Smith: A great point often missed is “you have a right to speak, but you can you face consequences for it?”
The spirit of the Constitution indicates we should be more open to debate. That is, we need to relearn the art of disagreeing.
Using John Stuart Mill, the famous free speech theorist in the 19th century, as an example, Smith regards a bigger threat to free speech is private shunning and so to .
“We need to fight against that impulse that, again, the spirit of free speech should cross over into our private activities.”
Today, it’s too easy for people to call those they disagree with Nazis. People today must relearn that this is complete lack of perspective that is damaging to discourse and the spirit of the 1st Amendment.
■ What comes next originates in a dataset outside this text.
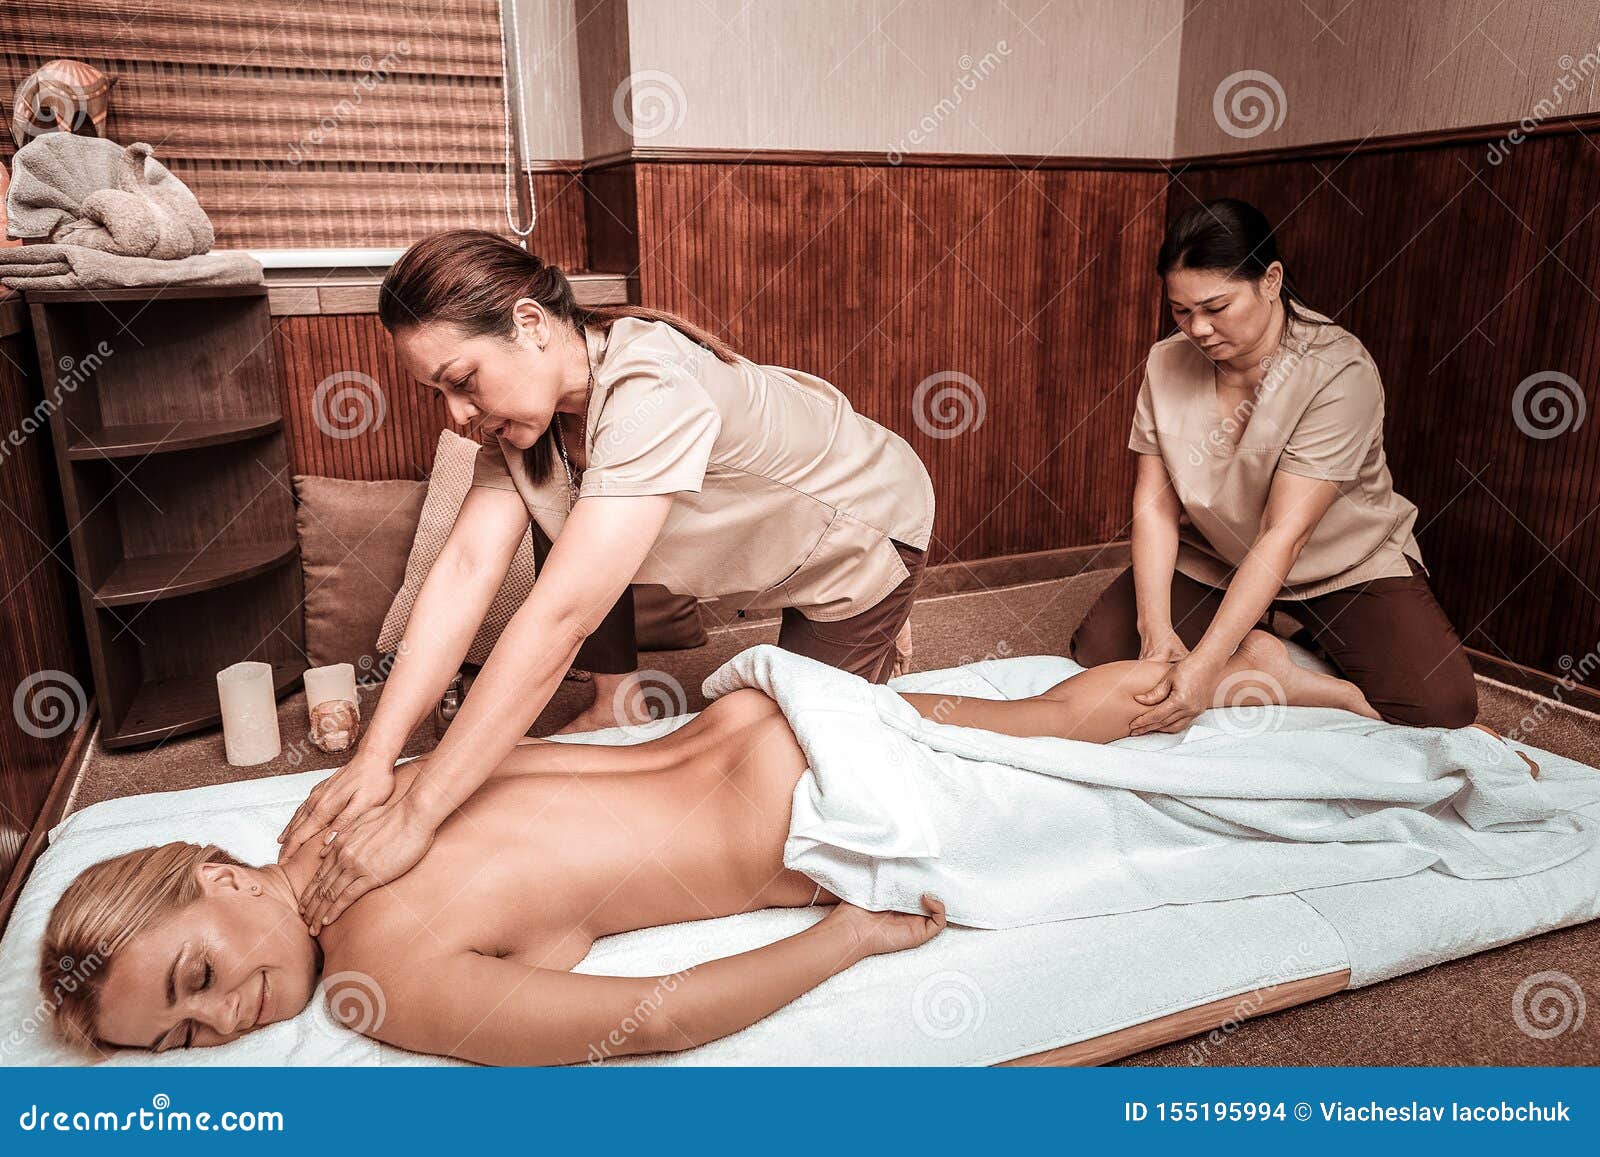 Two girls massage

We must get back to this idea of recognizing that you’ll be offended from time to time. People will say things that you won’t like.
- Speech is not violence.
- Speech does not make you unsafe.
- Not everyone will agree with you. 75 million Americans who voted for Donald Trump are not fascists that you should be trying to cancel.
The Nation’s Top Law Enforcer
With regards to Attorney General Pam Bondi in the wake of Kirk’s murder, Bondi talked about the “disgusting anti-Semitism that was present on campuses that Kirk was trying to combat. “There’s free speech and then there’s hate speech,” Bondi added, “We will absolutely target you, go after you, if you are targeting anyone with hate speech.”
Strassel brings up two important points to Brad Smith:
- It’s long been the left that for decades has been trying to create and define a category of speech called hate speech and those who care about free speech have pushed back against that.
- While we do have some exceptions to free speech protections, things like that aren’t necessarily protected. Hate speech is not one of them.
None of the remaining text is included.